BRIEF: From the line holding "Les feux de" through the line holding "Dungeon Portculiss Longsleeve T-Shirt Black" below, write out every line exactly; include both of those lines and drop the pictures.
Start of LISTED RECORDS
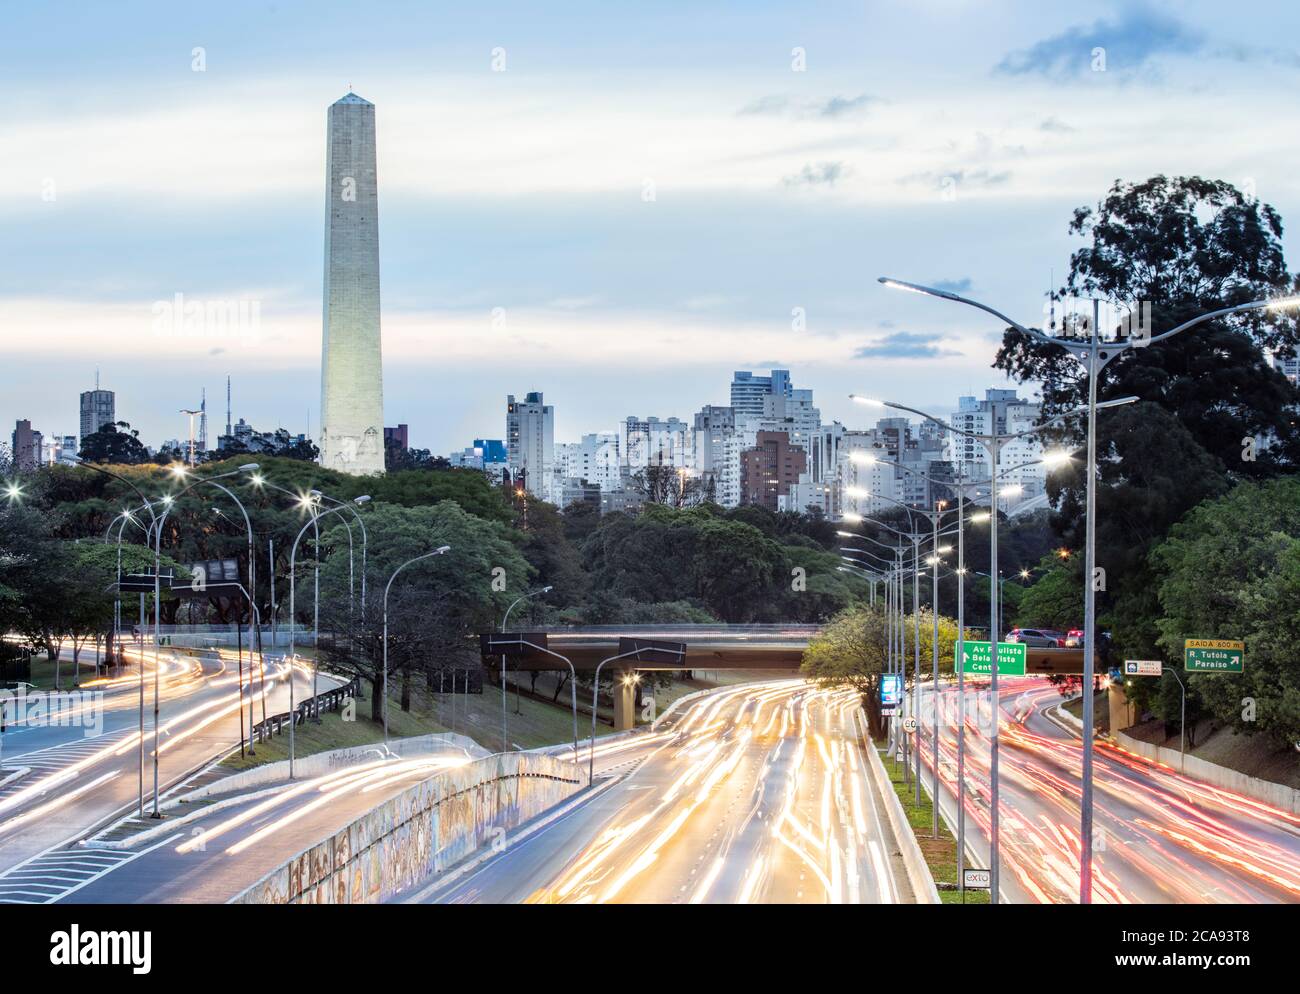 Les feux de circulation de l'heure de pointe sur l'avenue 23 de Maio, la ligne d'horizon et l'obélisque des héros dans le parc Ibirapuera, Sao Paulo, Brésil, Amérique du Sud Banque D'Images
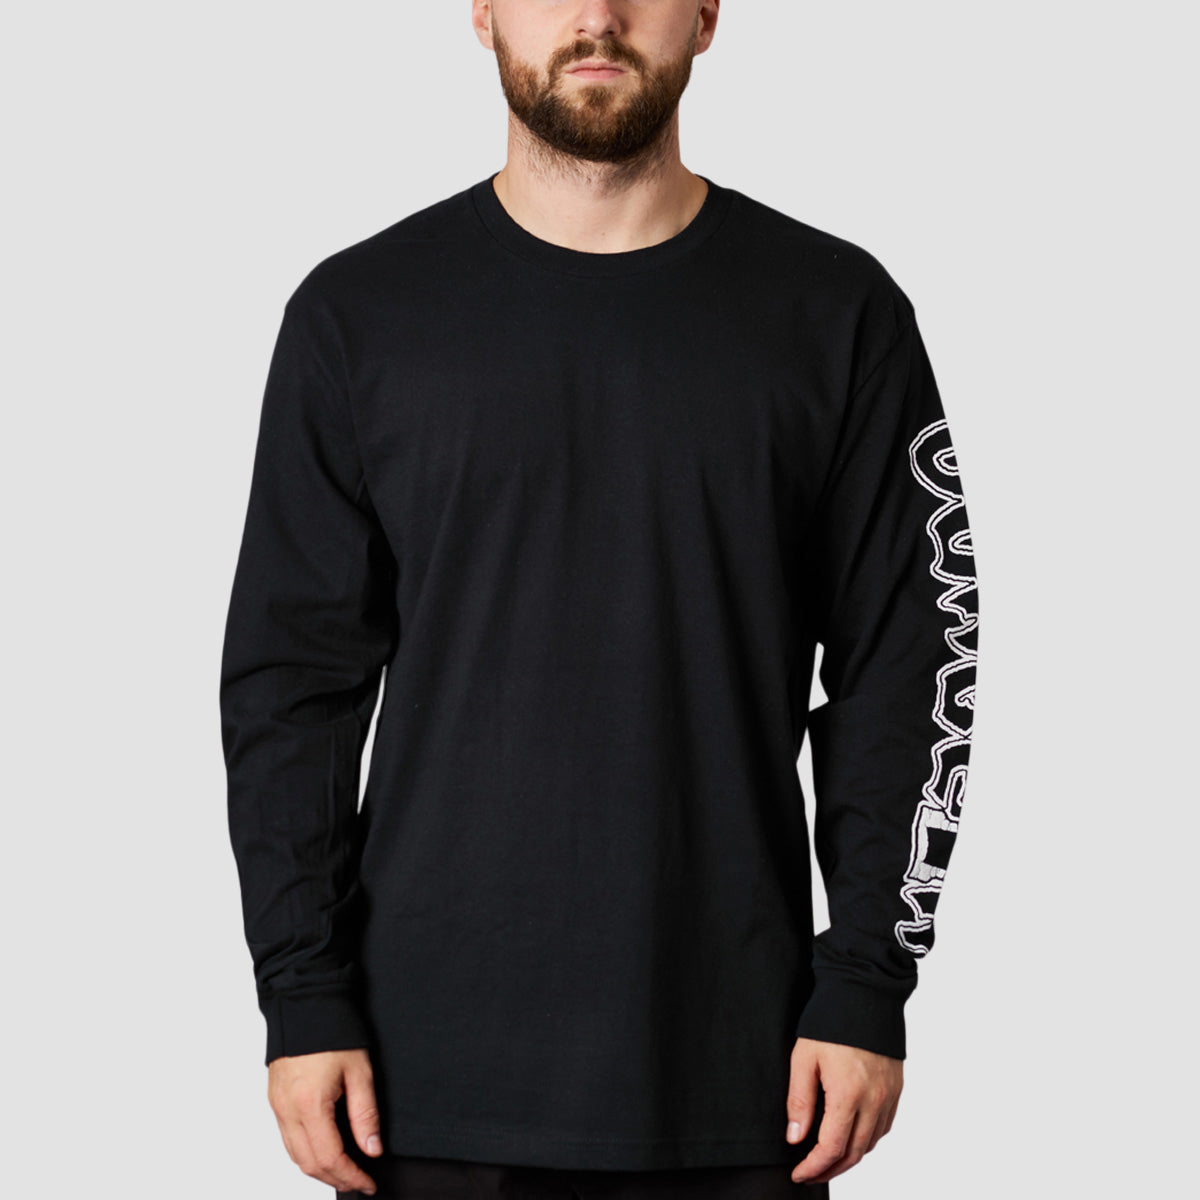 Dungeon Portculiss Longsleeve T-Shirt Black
End of LISTED RECORDS
Start of LISTED RECORDS
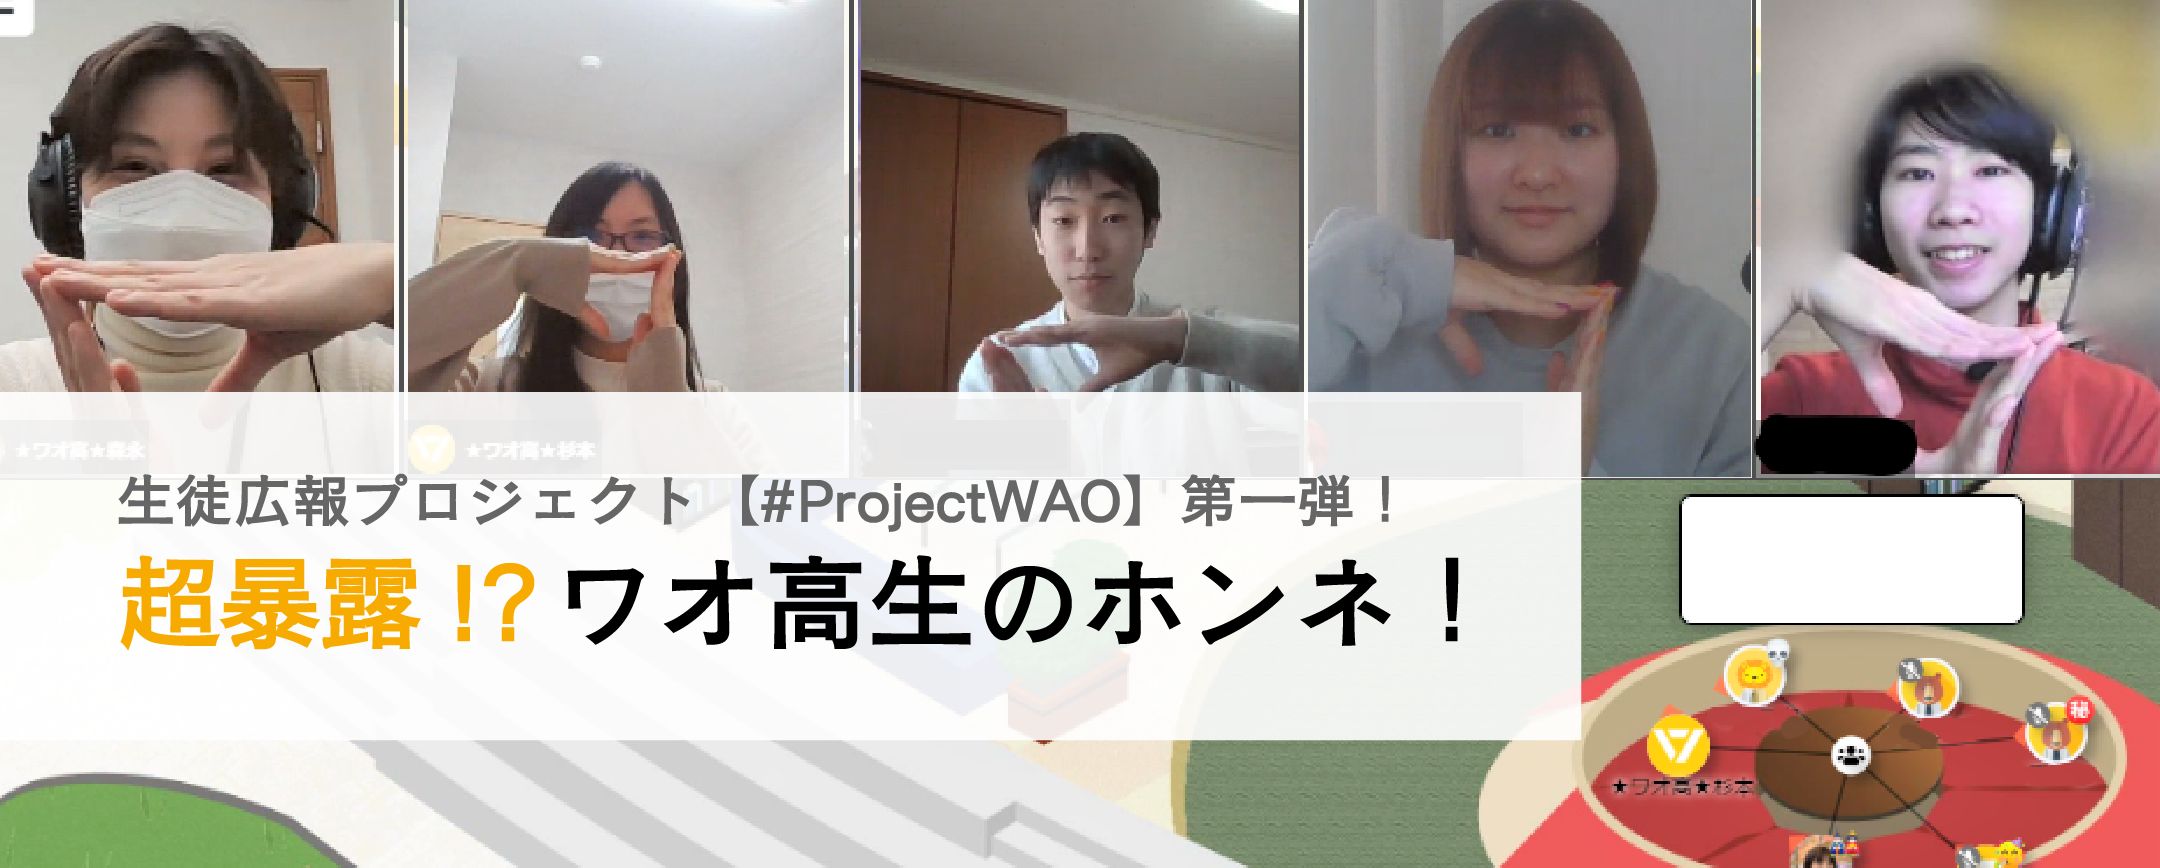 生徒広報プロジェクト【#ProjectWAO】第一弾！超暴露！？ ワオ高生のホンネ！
End of LISTED RECORDS
Start of LISTED RECORDS
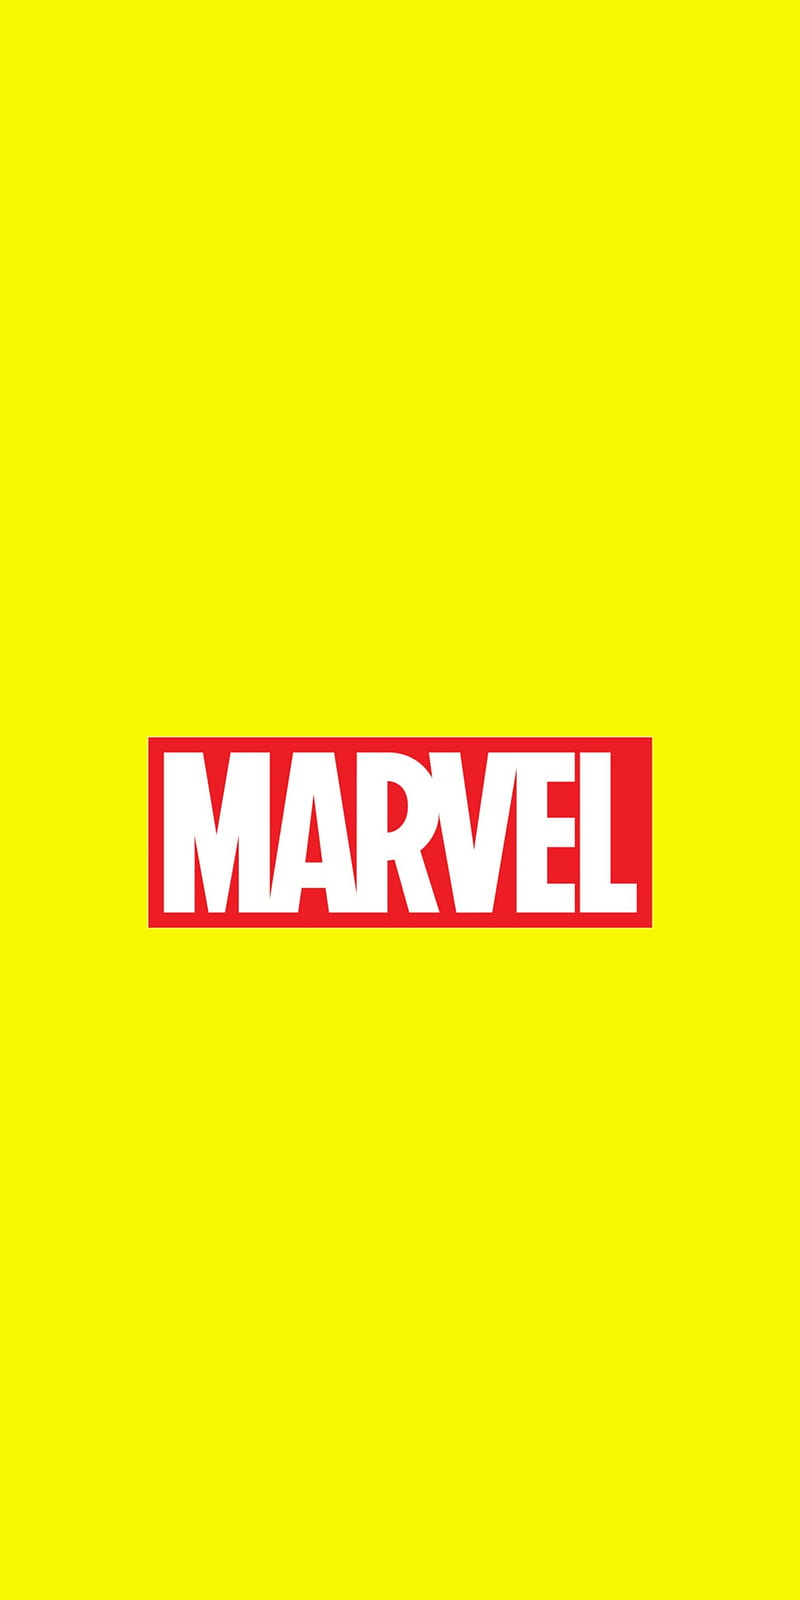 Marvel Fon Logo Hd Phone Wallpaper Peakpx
End of LISTED RECORDS
WRITTEN REPLY:
 Les feux de circulation de l'heure de pointe sur l'avenue 23 de Maio, la ligne d'horizon et l'obélisque des héros dans le parc Ibirapuera, Sao Paulo, Brésil, Amérique du Sud Banque D'Images
 Dungeon Portculiss Longsleeve T-Shirt Black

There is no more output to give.